Hnf4a-mediated regulation of proximal tubule progenitors in the mouse kidney
Posted on: 10 March 2020
Preprint posted on 17 February 2020
Article now published in Journal of the American Society of Nephrology at http://dx.doi.org/10.1681/ASN.2020020184
Tracking down proximal tubule progenitors: Marable et al develop lineage tracing and a tissue-specific Hnf4a mutant to elucidate downstream mechanisms at play during kidney development
Selected by Brooke ChambersCategories: cell biology, developmental biology, genetics, genomics, molecular biology
Background:
The kidneys are a pair of homeostatic organs that participate in blood filtration, toxin removal, fluid regulation, electrolyte balance, and acid-base control. To complete these tasks, this organ employs thousands of microscopic functional units called nephrons. Each nephron is comprised of a glomerulus (blood filter), a segmented tubule, and a collecting duct. The nephron tubule encompasses a sequence of proximal, intermediate and distal segments, each which execute distinct physiological functions via ion channel proteins. In particular, the proximal tubules are the major site of reabsorption in the nephron and therefore exhibit high metabolic activity (Zhuo & Li, 2013). Despite the functional importance of proximal tubules, the genetic signals necessary for the development of these epithelial cells remain poorly understood. To this end, current single-cell RNA sequencing initiatives of developing kidney tissue have shed light on segment-specific nephron regulators (Lindström et al., 2018; Menon et al., 2018; Combes et al., 2019). These comprehensive transcriptomic profiles provide a great launching point for functional validation studies of top genetic candidates in a vertebrate model system.
Experimental System:
The authors developed a new Hnf4a knockout mouse model using Osr2Cre to conditionally delete Hnf4a in developing proximal-intermediate nephron progenitors. Mutant kidney sections were phenotyped by immunofluorescence for proximal tubule markers: LTL (Lotus Tetragonolobus Lectin), Lrp2 (low-density lipoprotein-related protein 2), and Cdh6 (Cadherin-6). Lineage tracing experiments were conducted by a tamoxifen-inducible Cre recombinase system driven by the Cdh6 promoter (Cdh6CreER) paired with the Cre-inducible Rosa26Ai3 reporter. Chromatin immunoprecipitation followed by high-throughput sequencing (CHIP-seq) and RNA-sequencing of postnatal day 0 (P0) mouse kidneys were completed to identify downstream proximal tubule genetic regulatory network candidates.
Key Findings:
Hnf4a is necessary for proximal tubule differentiation and postnatal survival
Analysis of Hnf4a mutant kidneys revealed decreased expression of mature proximal tubule markers LTL and Lrp2. Significantly, these mutant cells lacked an apical brush border, which is a post-mitotic feature required for proximal tubule function, specifically reabsorption of molecules and solutes. Further, histological examination of mutant kidneys indicated severely damaged tissue, cortical cysts, and hydronephrosis. These renal phenotypes caused significant postnatal lethality, where no Hnf4a mutant pups survived to weaning age. The authors’ findings corroborate the importance of proximal tubule formation for survival. The Hnf4a mutant mice in this study phenocopy many of the key clinical manifestations of human Fanconi renotubular syndrome (FRTS), which encompasses generalized proximal tubule dysfunction. To this point, a previous study found a heterozygous mutation in the DNA-binding domain of human HNF4A triggers atypical dominant FRTS (Hamilton et al., 2014). Therefore, the Hnf4a;Osr2Cre mouse system provides the opportunity to glean insight into mechanisms that contribute to human FRTS.

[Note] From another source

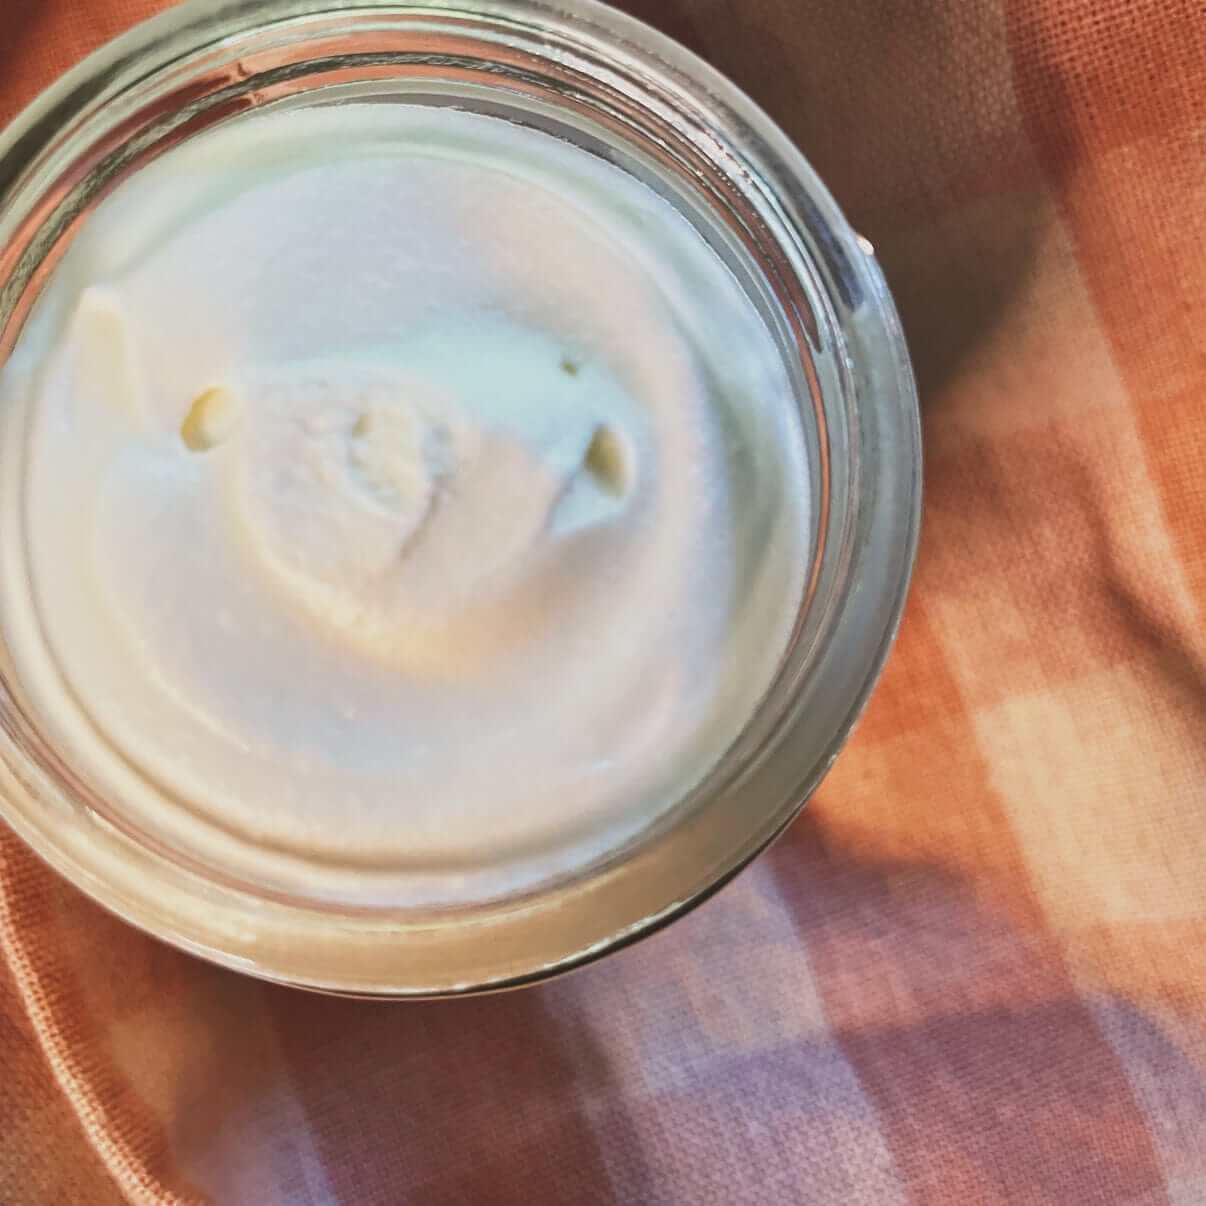 Whipped Tallow Balm/Body Butter Lotion - Grass-Fed, Organic Palm & Pine Apothecary Skin Care - Conners Clinic

Nephron progenitors expressing high levels of Cdh6 and low levels of LTL are assigned to a proximal tubule lineage
Previous studies have suggested that Cdh6-expressing cells in the developing mouse kidney are proximal tubule precursors (Cho et al., 1998), however, this idea had not been conclusively tested until this study. The authors identified two discrete types of Cdh6+ cells in developing wild type kidneys: Cdh6high and Cdh6low. Interestingly, the majority of Cdh6high cells coexpressed Hnf4a but exhibited scarce LTL expression indicating this signature likely correlates to a progenitor cell state. Consistent with these findings, Hnf4a mutant kidneys contained elevated Cdh6highLTLlow (immature) cells and significantly decreased Cdh6lowLTLhigh (differentiated) cells. To determine if Cdh6high cells are in fact proximal tubule precursors, the researchers performed lineage tracing experiments utilizing their Rosa26Ai3/+;Cdh6CreER/+ line. After tamoxifen treatment, the labeled Cdh6high progeny expressed both Hnf4a and LTL, confirming for the first time that Cdh6-expressing cells are bona-fide proximal tubule progenitors. Furthermore, Cdh6high cells were found to have a 10-fold higher proliferative rate than their Cdh6low counterparts. In sum, this data fortifies Cdh6high cells comprise the proximal tubule progenitor pool and undergo a wave of proliferation before terminally differentiating.
Hnf4a controls a genetic regulatory network that programs proximal tubule development
To identify downstream targets of Hnf4a, the researchers harvested P0 mouse kidney tissue and performed ChIP-seq experiments followed by high-throughput sequencing analysis. Hnf4a binding peaks were identified adjacent to promoters controlling proximal tubule genes, such as Slc34a1 and Ehhadh, which have been linked to human FRTS. Interestingly, the authors’ motif analysis suggested other nuclear receptors (ESRRA, RXR, PPAR, and HNF1B) likely bind similar renal targets as Hnf4a. RNA-sequencing of Hnf4a mutant kidneys revealed an inventory of downregulated genes associated with proximal tubule function. The authors cross-referenced differentially expressed genes from their RNA-seq experiment with the previously identified ChIP-seq binding regions. Overall, their integration of genomic and transcriptomic data substantiate Hnf4a regulates proximal tubule differentiation by controlling a repertoire of genes involved in transmembrane transport and cellular metabolism.
What I like about this paper:
I wanted to highlight this study because I believe it advances the field’s knowledge, not only about the role of a particular transcription factor (Hnf4a), but it also employs a new experimental mouse system to track proximal tubule progenitors. Previous studies proposed that Cdh6+ cells are putative proximal tubule precursors in the developing kidney. Importantly, this group tested this circulating idea and performed compelling lineage analysis experiments that unveiled the molecular signature of this progenitor population. I also admired how the researchers integrated their ChIP-seq and RNA-seq data sets to pinpoint promising Hnf4a targets. This paper introduces exciting directions for functional studies by providing a new collection of proximal tubule differentiation genes.
Open Questions:
- Based on your motif analysis, you provide exciting evidence that nuclear receptor transcription factors (ie. ESRRA, RXR, PPAR) may participate in cooperative binding with Hnf4a in developing proximal tubules. What are your thoughts on potentially conducting in vitro competition assays or other experiments to determine if this is the case?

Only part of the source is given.